# Vacation feeding for shrimp?



## NatalieT (Mar 20, 2007)

If I leave a tank of shrimp + plants for 10 days untended, will the shrimp die? Will they be OK just eating algae/plants? Alternately, is there something I can give them to munch that won't decay and spoil the water?

How do you tell if the shrimp are getting enough to eat vs. if they're underfed?

(Background for the questions: I have no shrimp yet, but I want to get some. Two months from now, I will be gone for 10 days. I am trying to decide whether I can get shrimp now, or whether I need to wait until I'm home again before getting them.)

Thanks!
Natalie


----------



## cydric (Nov 1, 2006)

If you have any oak trees around, pick up some dead (brown) leaves and soak them in fish water in a bucket, them white 5g buckets work good, until they sink.
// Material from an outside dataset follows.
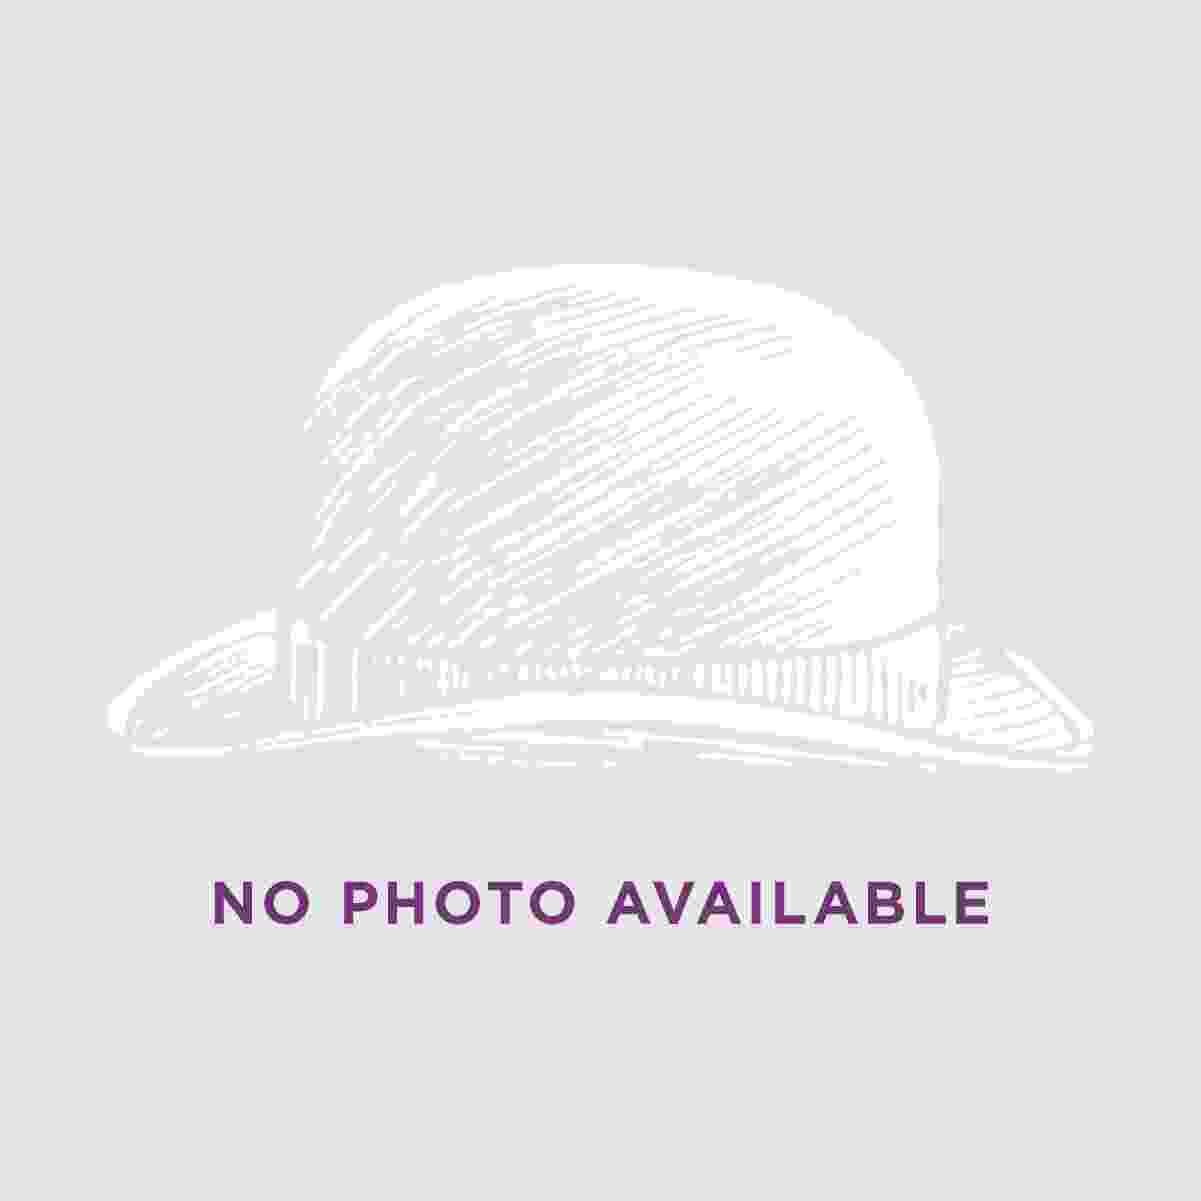 Brixton Hats Barrel Wide Herringbone Ivy Cap

That can act as shrimp food for the 10 days you're gone. They won't affect your water parameters the 10 days you are gone.


----------



## NatalieT (Mar 20, 2007)

Hmm, I don't know if I'd recognize an oak tree... (google image search...) oh, yeah, there's plenty of those leaves lying around right now. Good, that's alright then. Hurray! I can get shrimp!

Will the leaves + algae make a fairly complete diet for the long term, or should I figure on giving them some other foods under normal circumstances?

Thanks!
Natalie


----------



## trenac (Jul 16, 2004)

If your tank has a good supply of algae they will be fine for 10 days without being food. 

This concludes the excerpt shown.